И вот этот великий диплом отказывались признавать слависты пятиязычного города. Идиоты, они требовали филологический, который в том же туманном Ленинграде, где течет в граните Нева, имели колбасники и мясники, цензор, два члена Горсовета, капитан «Большого дома», две проститутки по работе с иностранцами, сутенер, а в период гласности — директор общественного туалета на Невском.
Его филологические наклонности выявились в выборе стихов, приглушенно звучащих в туалете — Ахматова, Цветаева, Бродский… «Не позволяй душе лениться…» — увещевали писающую публику. Из туалета выходили просветленными и образованными. В него стояли огромные очереди, хотя далеко не все испытывали нужду, даже маленькую. В очередях часто возникали потасовки, неслись крики «Вы не стояли» или, наоборот, «Вы только что там были».

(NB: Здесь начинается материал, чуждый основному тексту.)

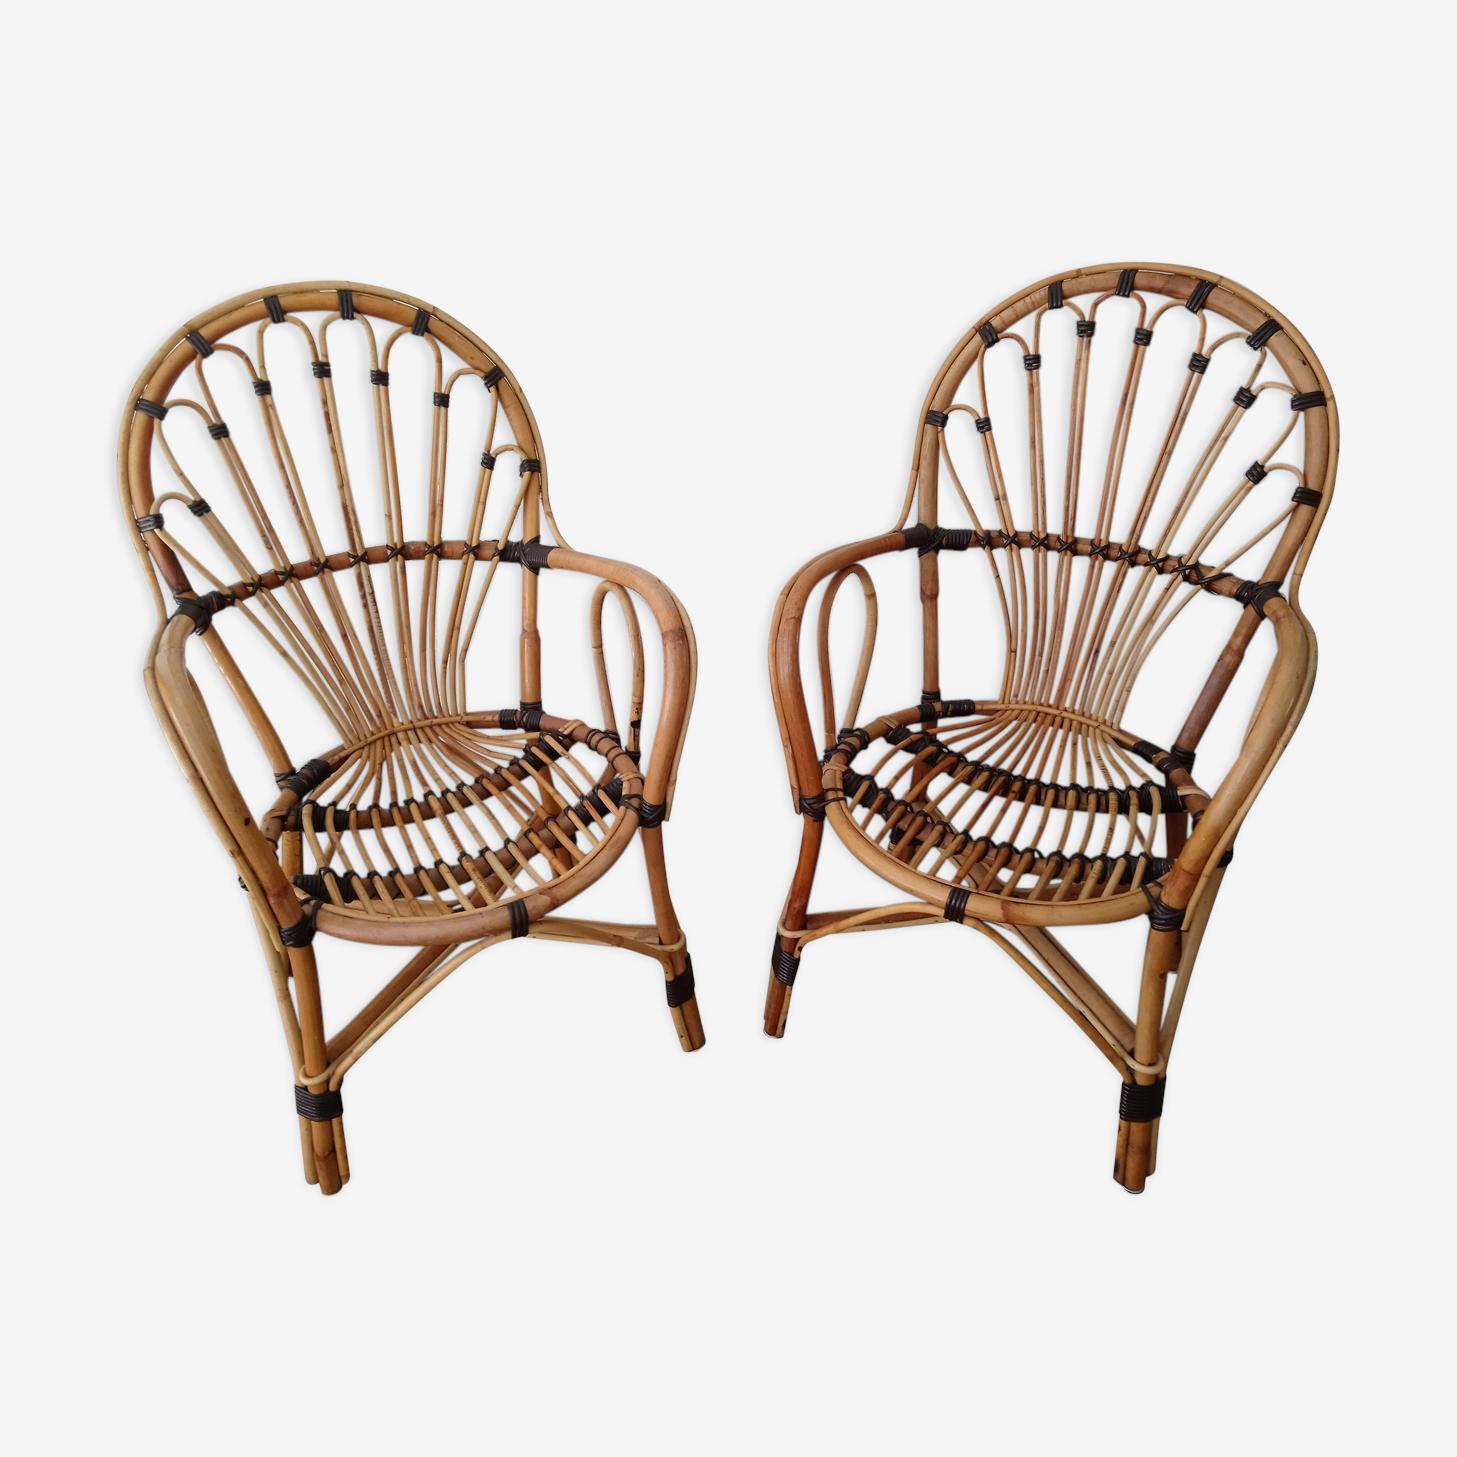 Paire de fauteuils en rotin et osier bicolore des années 70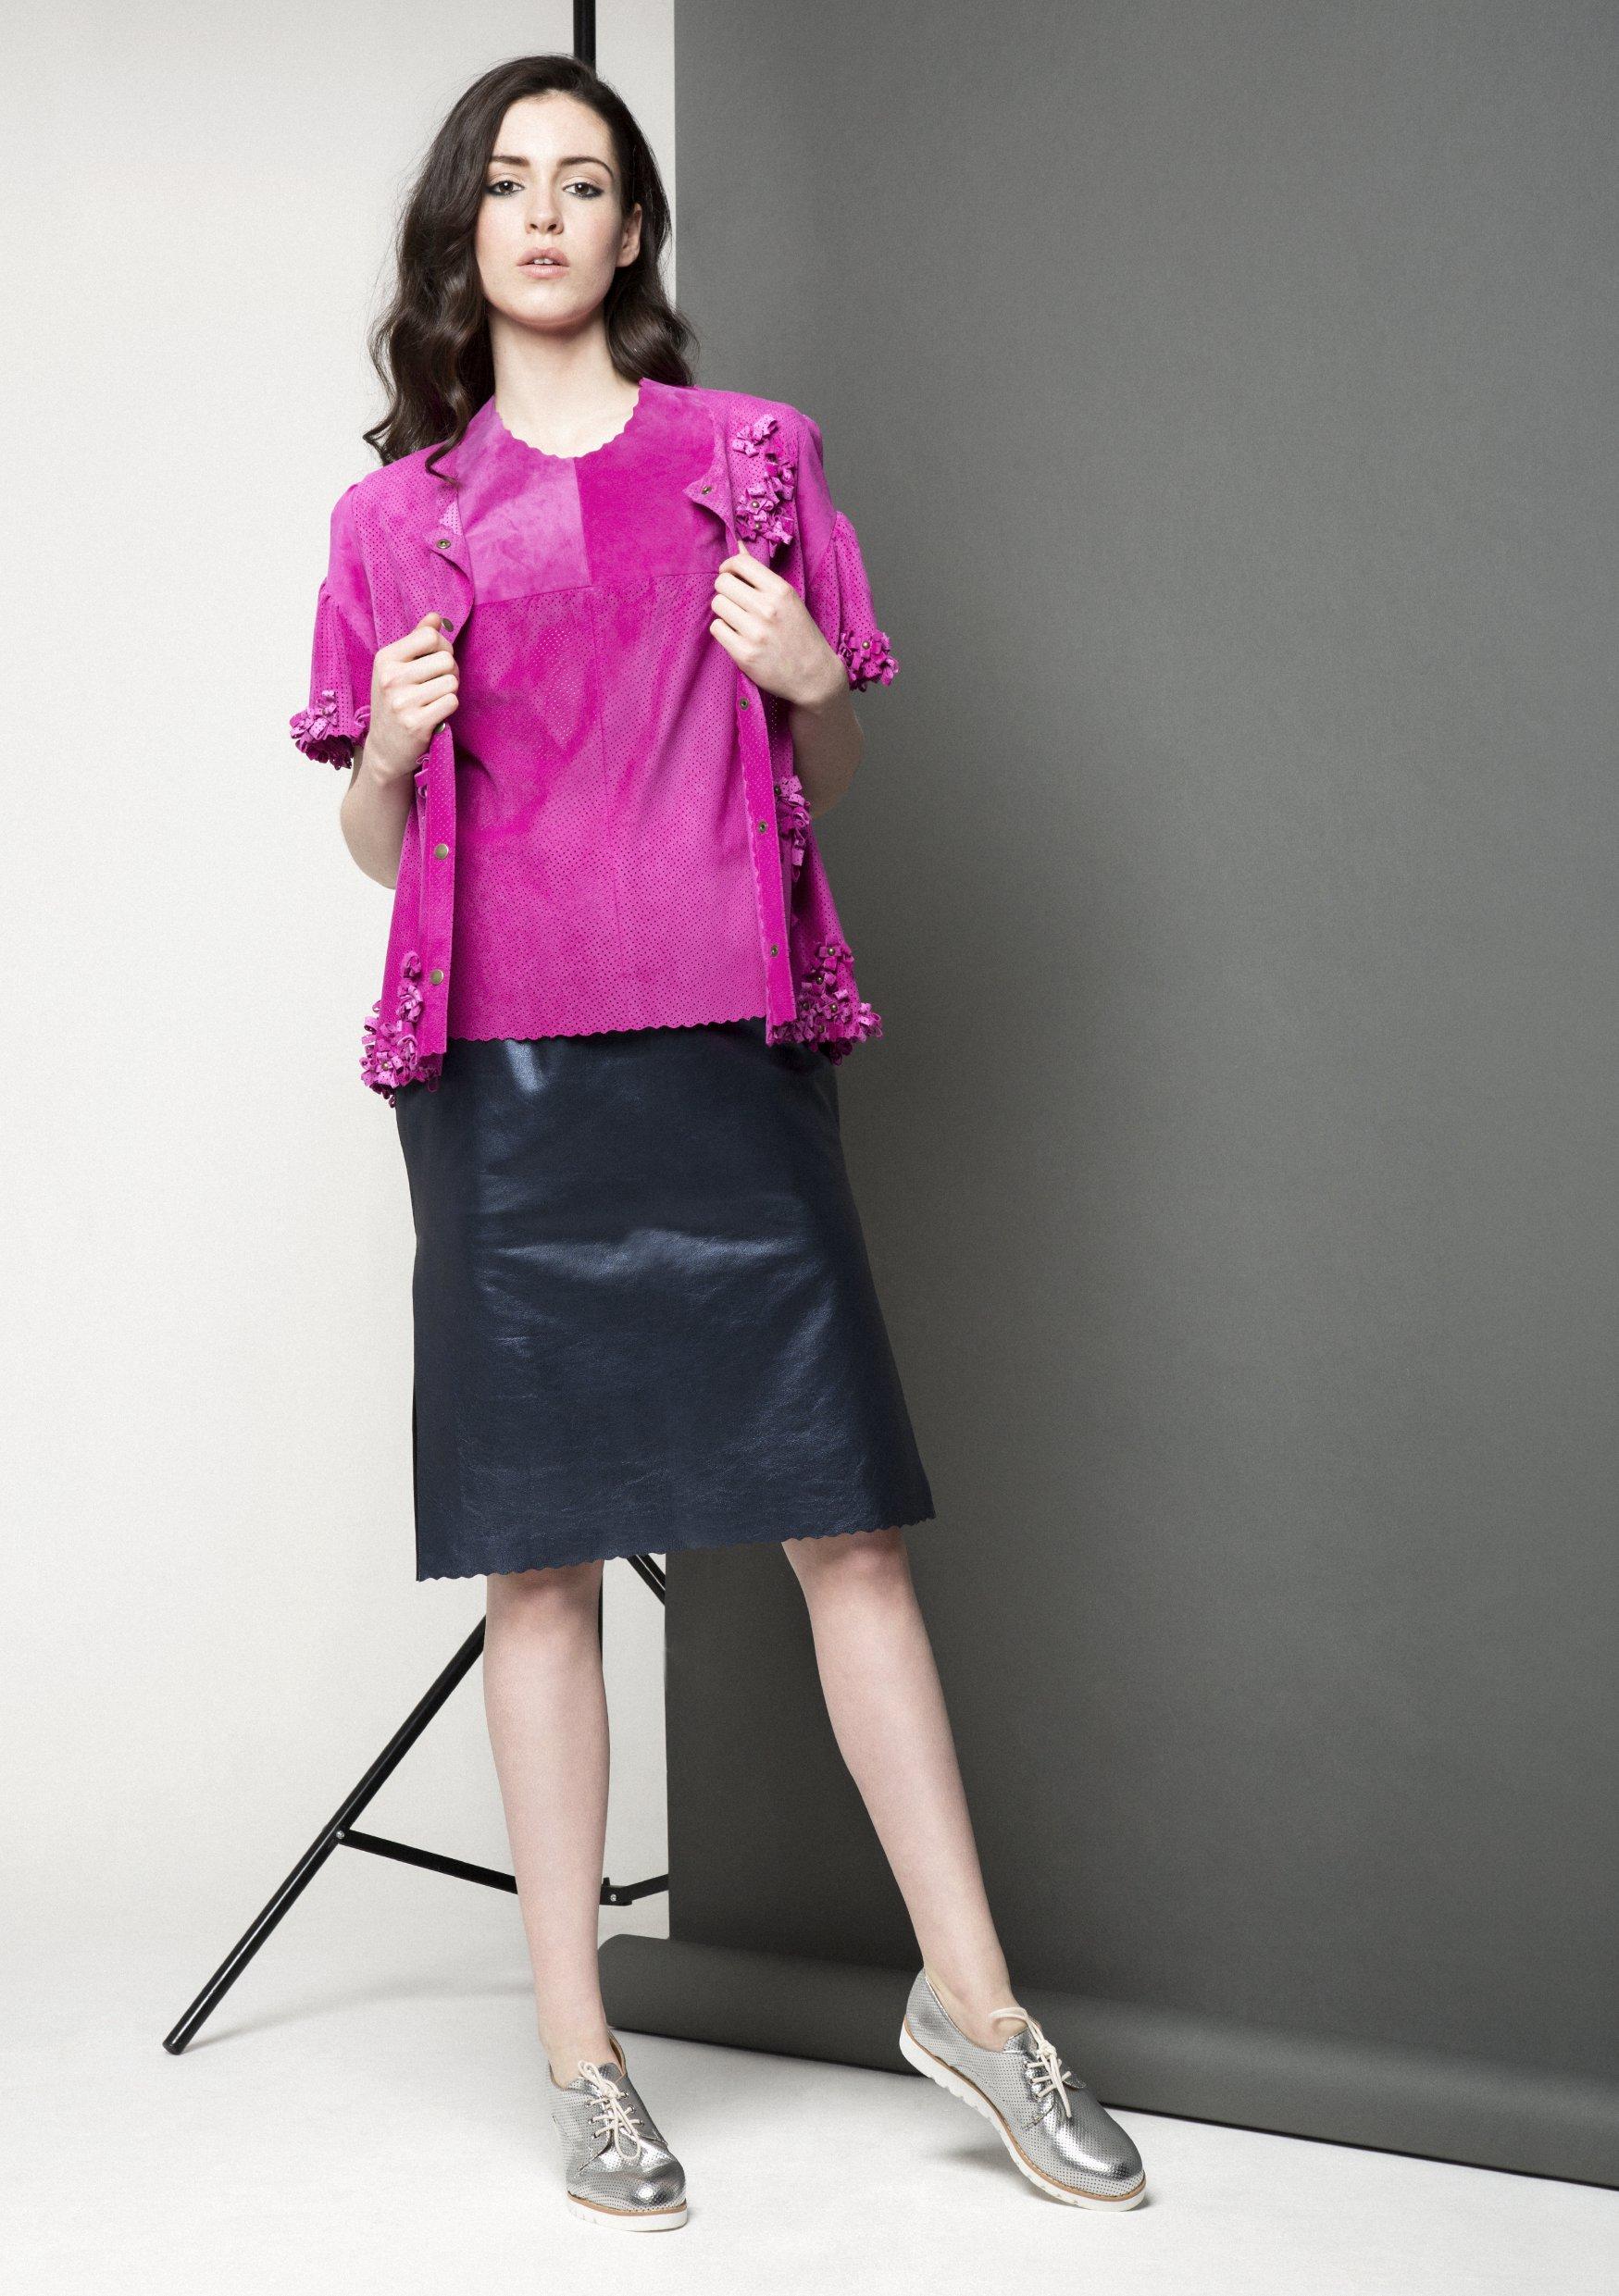 Manley AW15 Maya Leather Tee €220, Maya Bow Jacket €486, Maya Metallic Skirt €278.jpg

Хозяин туалета защитил докторскую на тему «Художественная литература в общественном туалете».
И, наверно, в пятиязычном городе были правы, требуя филологический — под куполом больше подходил хозяин общественной уборной.
Марио Ксива рассматривал лингвистику, структурализм, теорию стиха, вообще литературу, а также всю мировую историю через призму коня — он обожал лошадей.
— Не собака друг человека, а конь, — утверждал он и добавлял:
— Скажи мне, кто твой конь — и я тебе скажу, кто ты!
Он уважал скаковые народы — скифов, монголов, татар, хотя к последним у него было отношение двойственное — они не только скакали на лошадях, но и ели их.
Возможно, поэтому он в чем-то был согласен с мудрым сталинским постановлением о выселении татар из Крыма.
— Своевременное решение, — считал Ксива, — в Крыму осталось только три лошади, причем одна из них — лошадь Пржевальского.
В генералиссимусе он видел не спасителя народов, а спасителя лошадей.